The bottom trace (green, channel 4) is the laser tube current, as monitored by a Tek A6302 Hall-effect current probe around the tube’s cathode (low voltage return) lead:

This time around, I poked a bight of that overly long wire through the hole in the cabinet (just above the power-line earth ground terminal) so I could keep the probe outside the cabinet and close the hatch.
Minus the PWM signal, the scope looks like this:

The top trace (yellow, channel 1) is the DIR signal, with a high-to-low transition triggering the scope when the X axis begins moving from left to right.
The second trace (magenta, channel 2) is the L-ON laser enable; the high-voltage power supply drives current through the laser tube only when L-ON is low.
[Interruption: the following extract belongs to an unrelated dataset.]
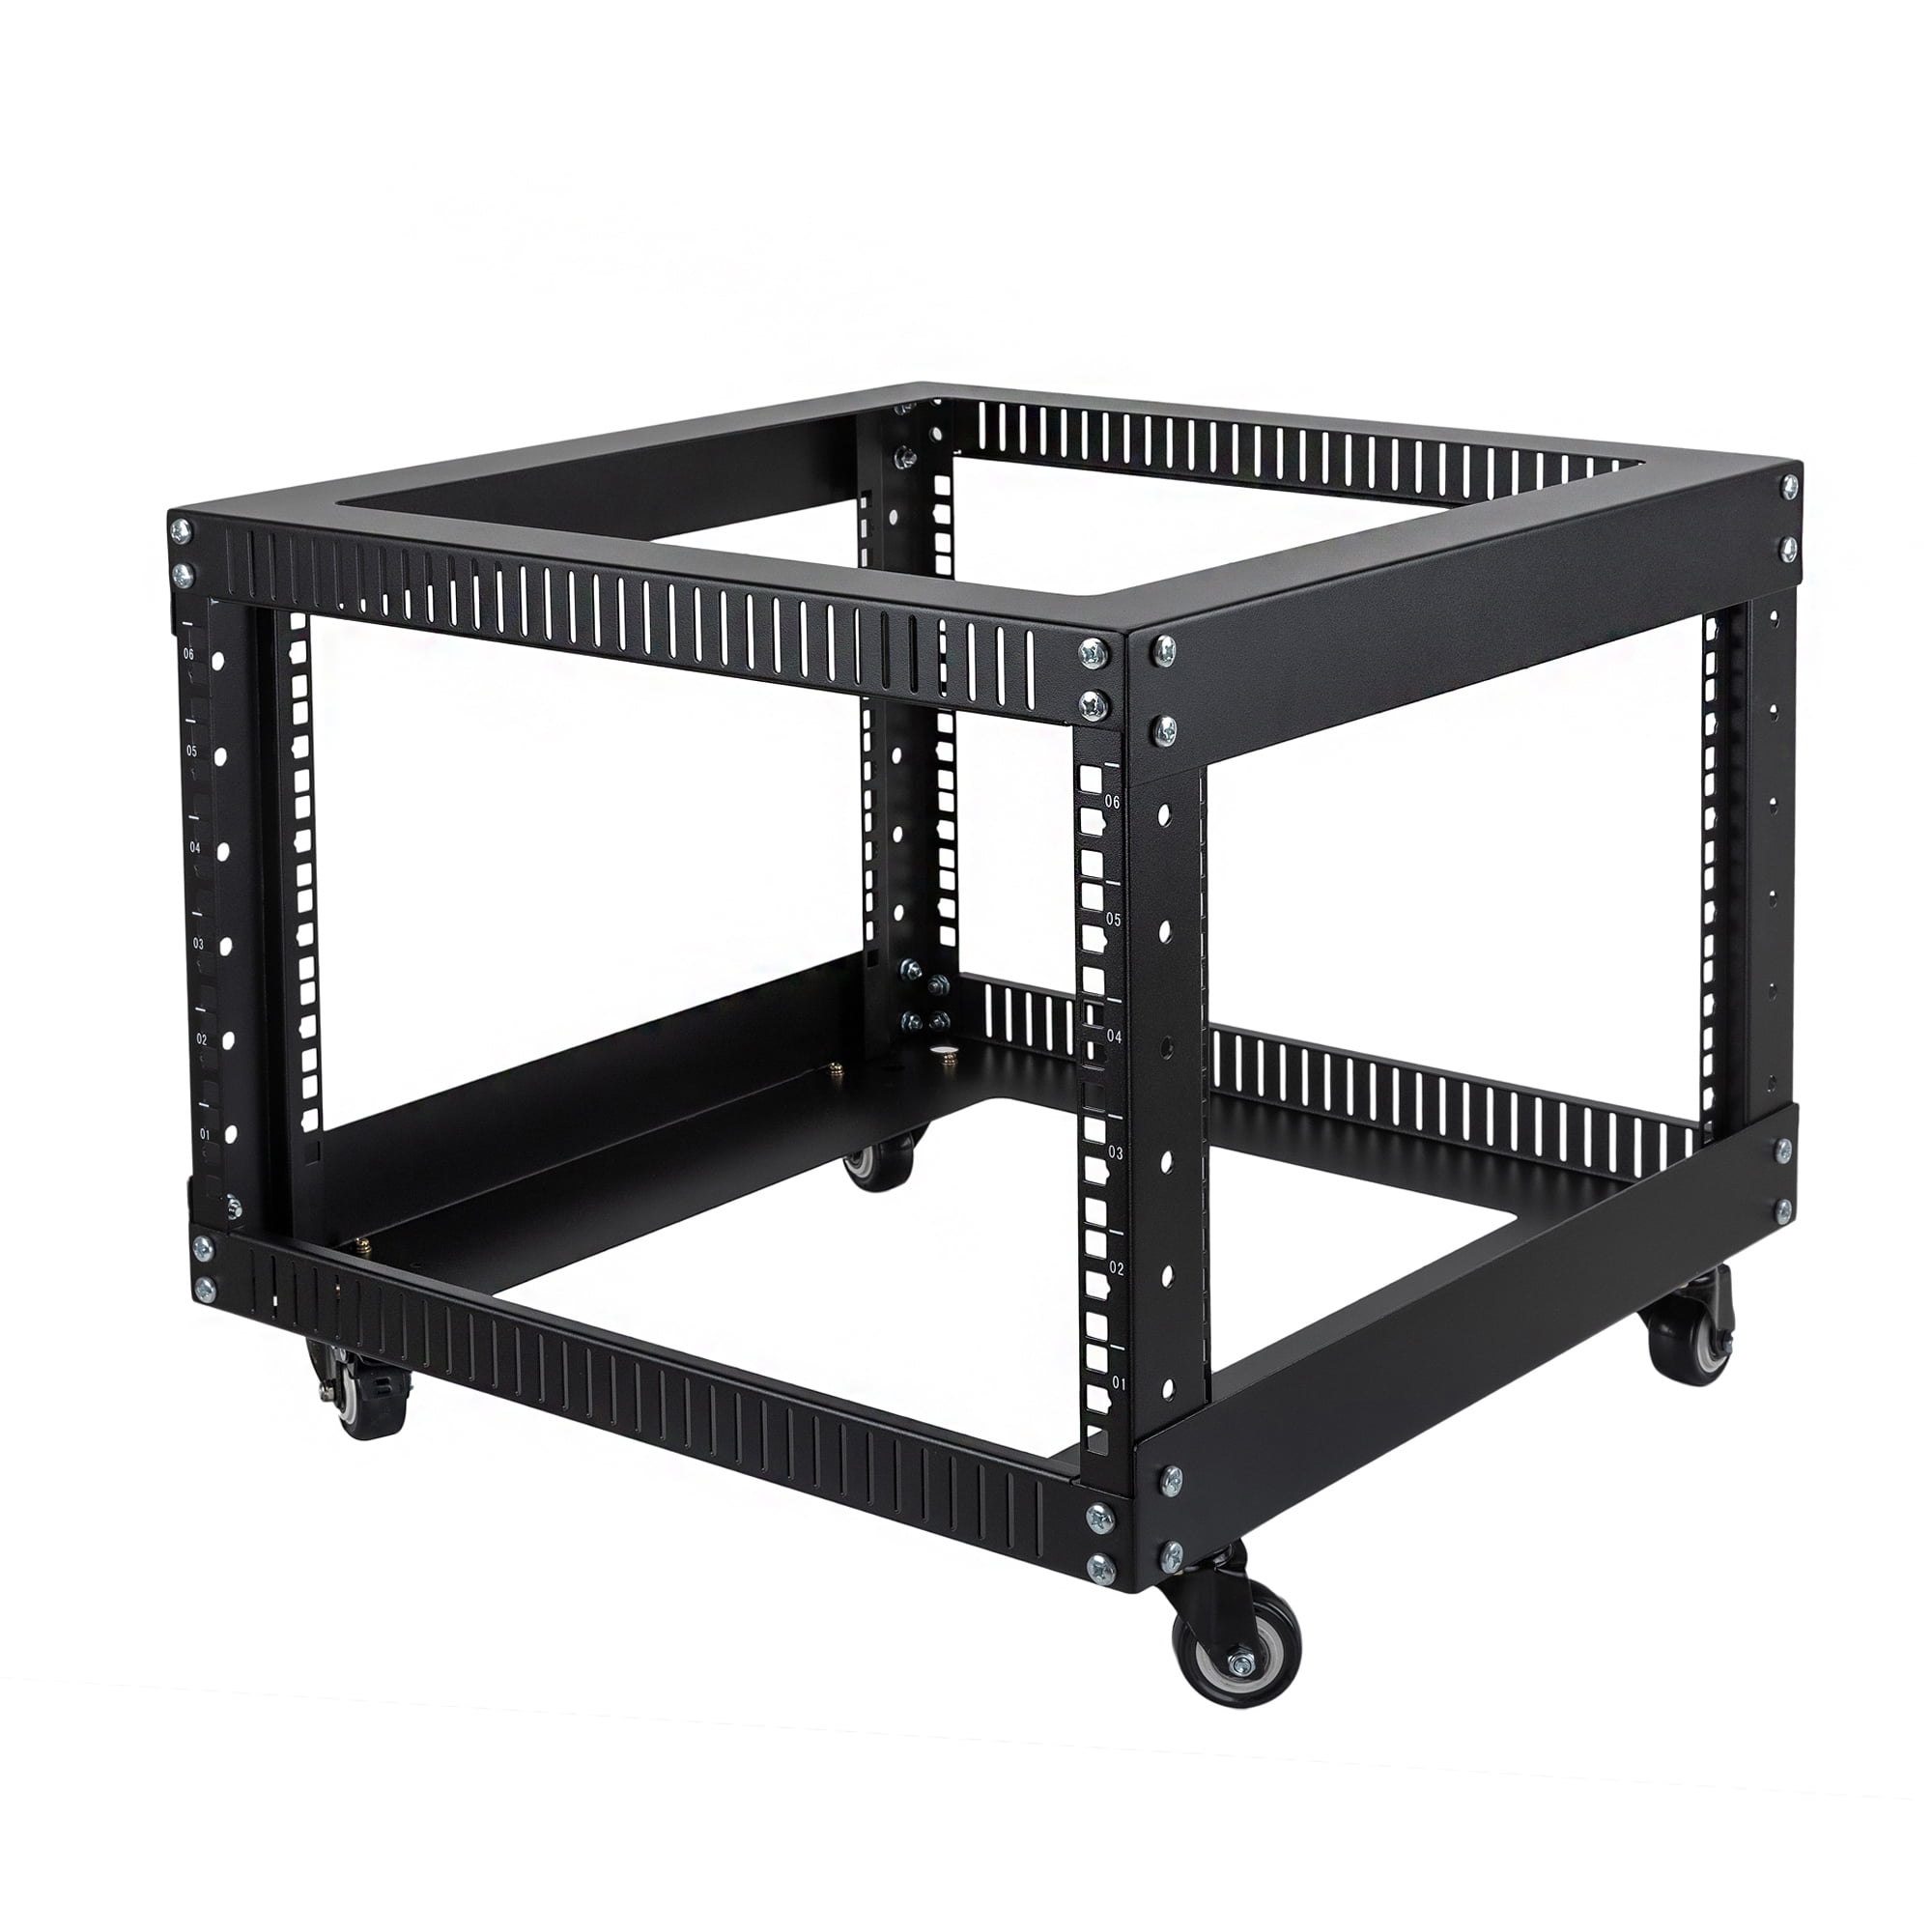 RIVECO 6U Open Frame Server Rack with Wheels- Heavy Duty 4 Post Quick ...

The third trace (green, channel 4) is, as above, the laser tube current. The Tek AM502 amplifier sets the gain, with the scope channel always set to 10 mV/div with a 50 Ω input impedance, so I must put the current scale in the screenshot file name (which becomes the caption here).
With all that in mind, the next few posts will make more sense … and I can remember what I did.